┌─ DATA BELOW
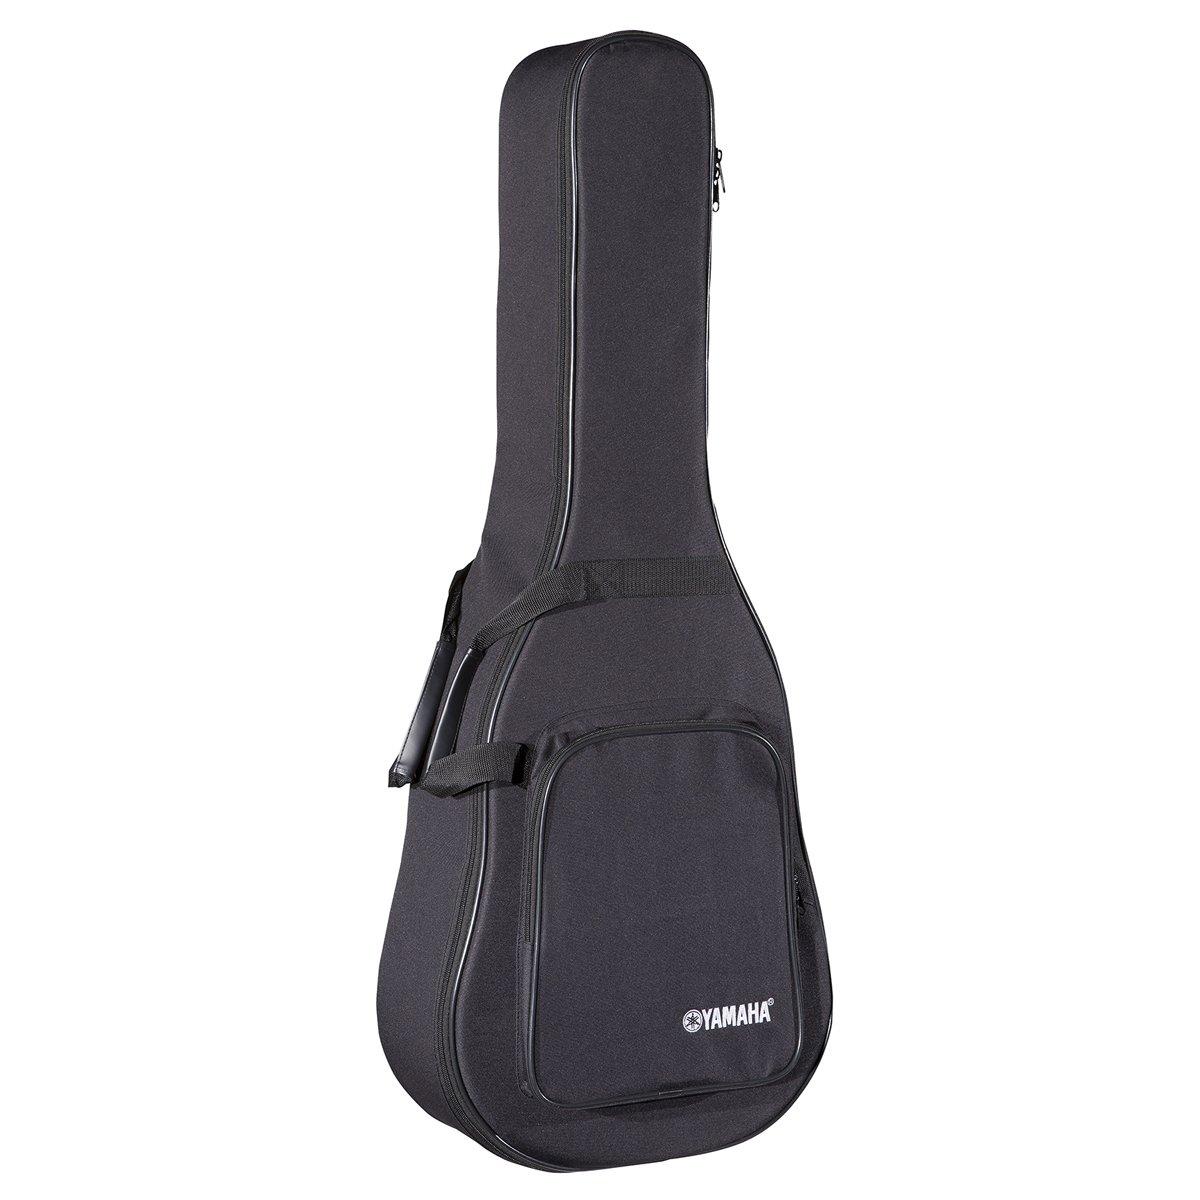 Yamaha EG-Hard Case Hardshell Electric Guitar Yamaha PAC EG-HC
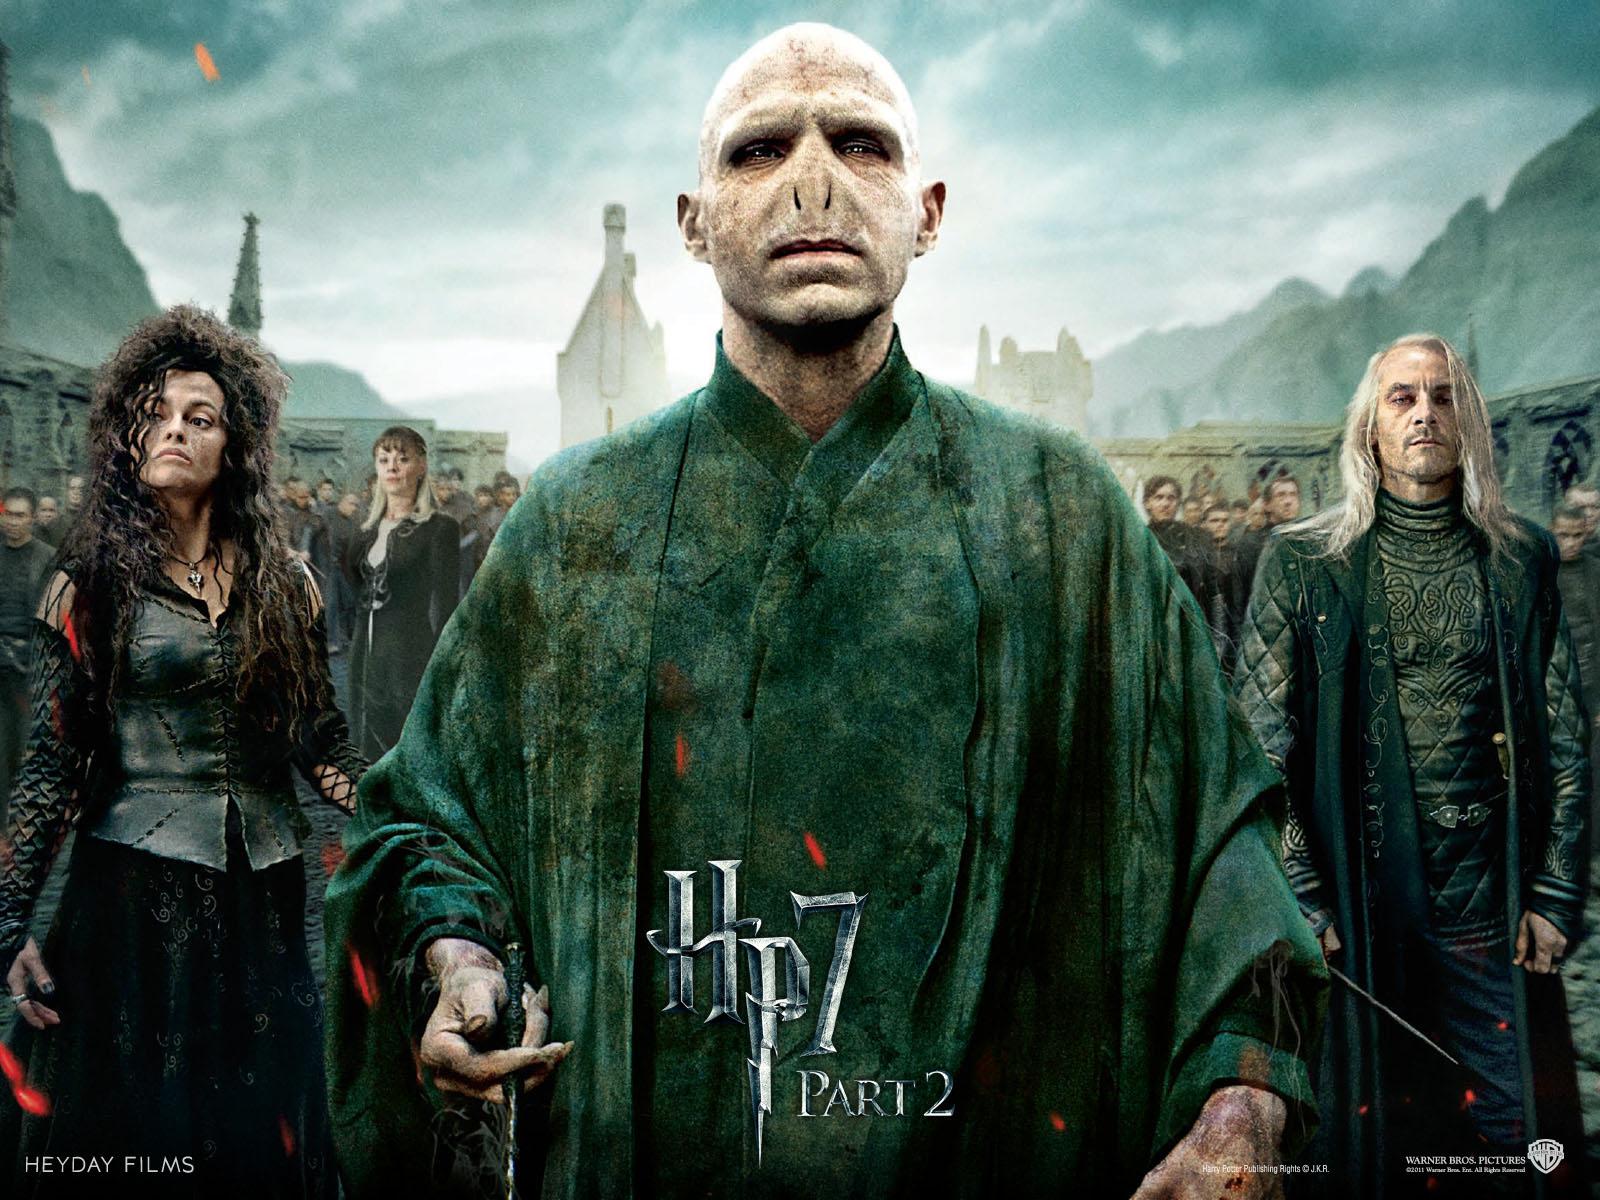 Гарри поттер и дары смерти часть ii 2011 - смотреть онлайн
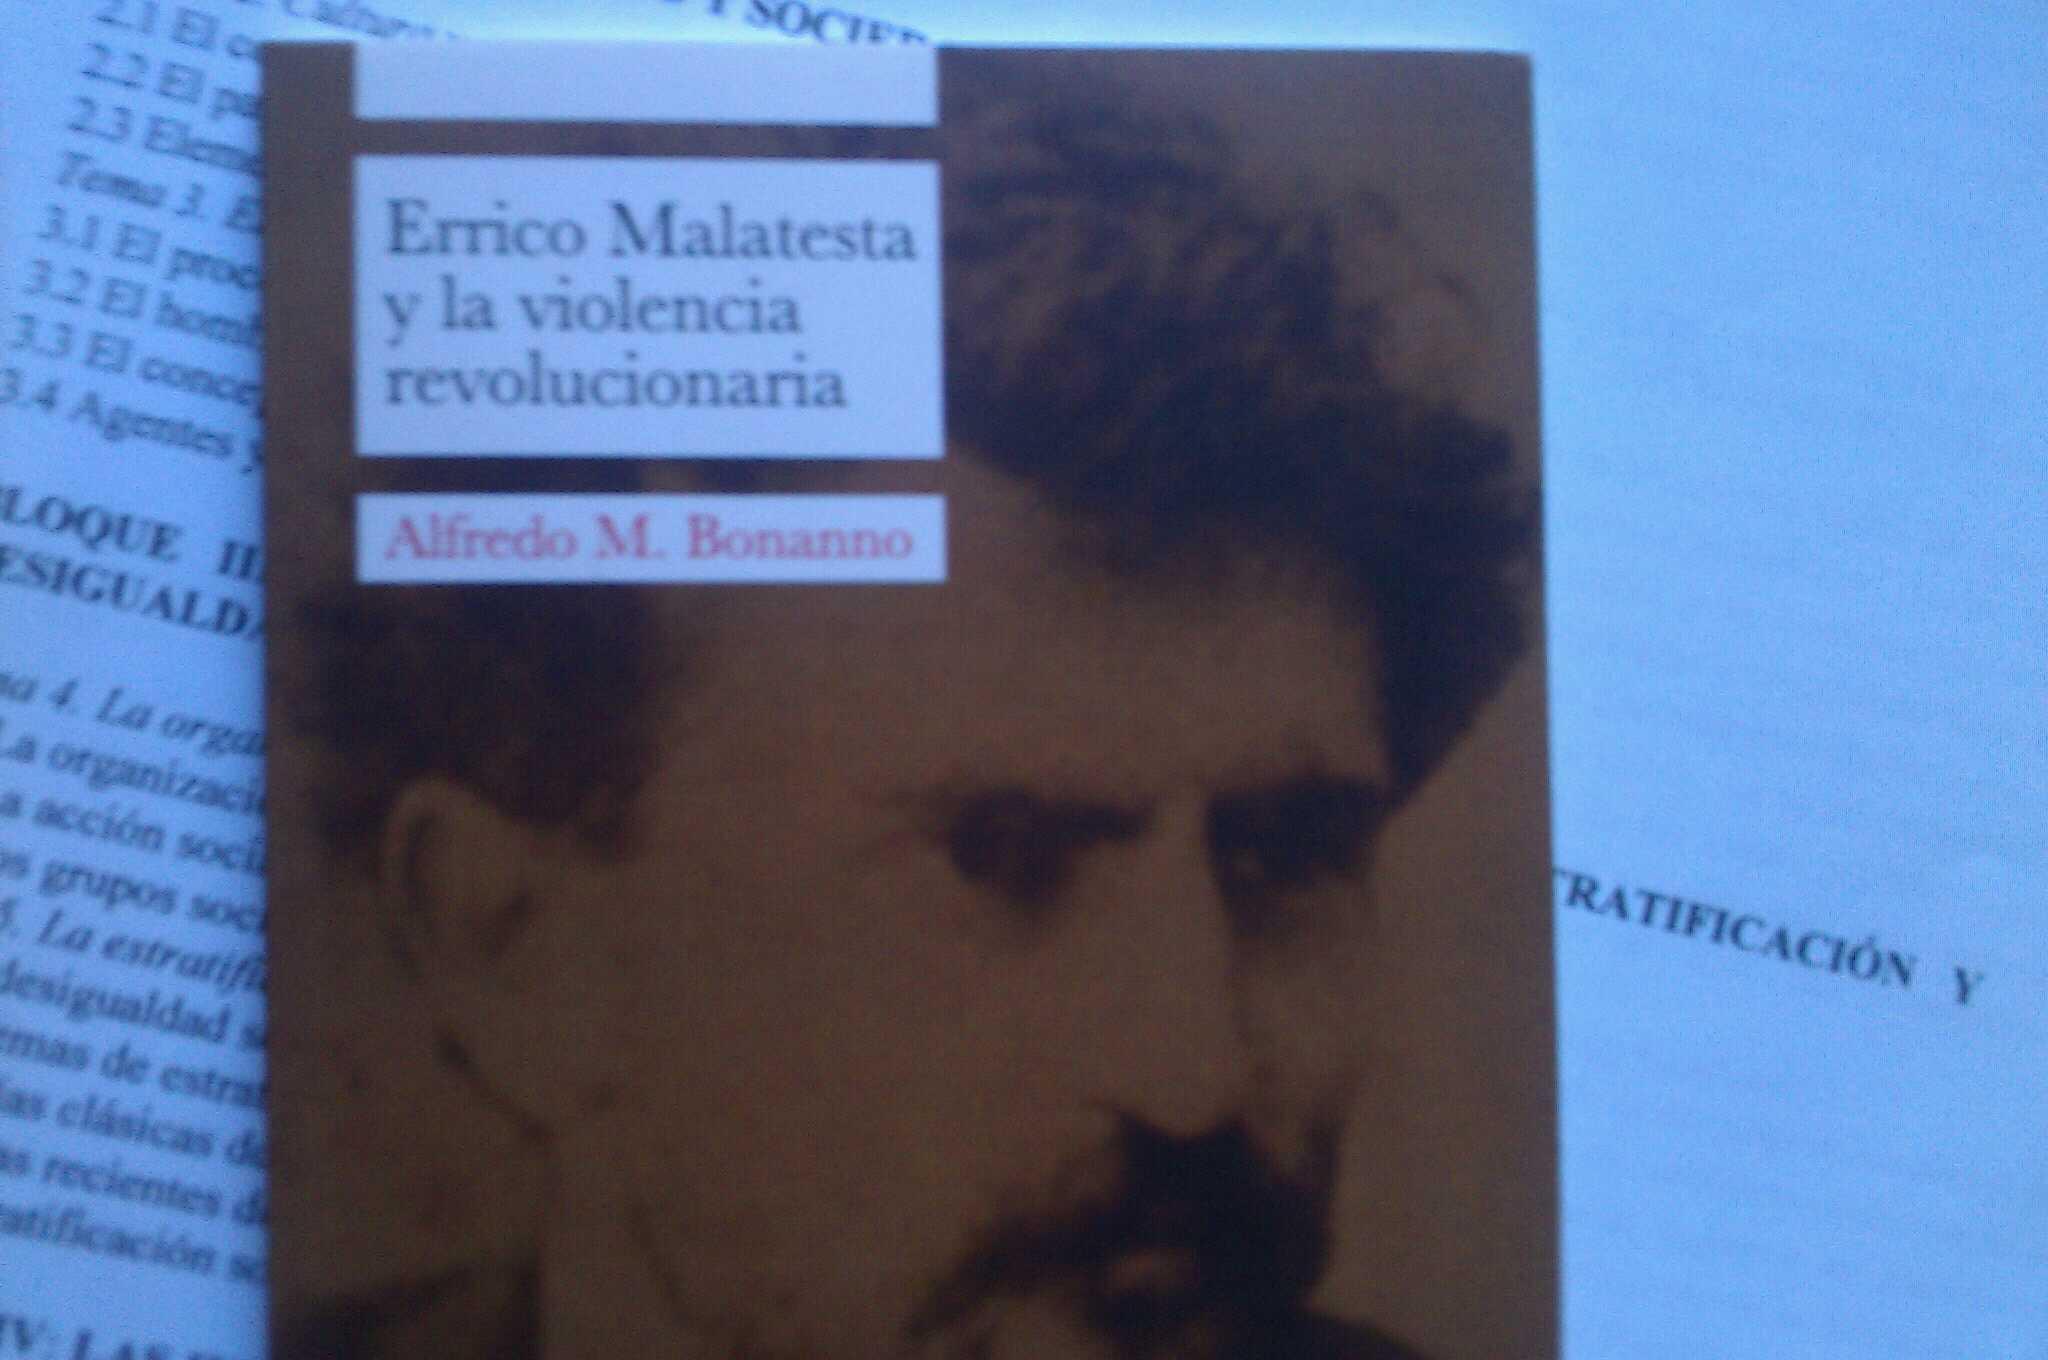 RT @dacoal: Cuanta falta le hace a algunos este libro... http://t.co/fXydRVJk
└─
Could you print the whole listing again, exactly, leaving the pictures out?

 Yamaha EG-Hard Case Hardshell Electric Guitar Yamaha PAC EG-HC
 Гарри поттер и дары смерти часть ii 2011 - смотреть онлайн
 RT @dacoal: Cuanta falta le hace a algunos este libro... http://t.co/fXydRVJk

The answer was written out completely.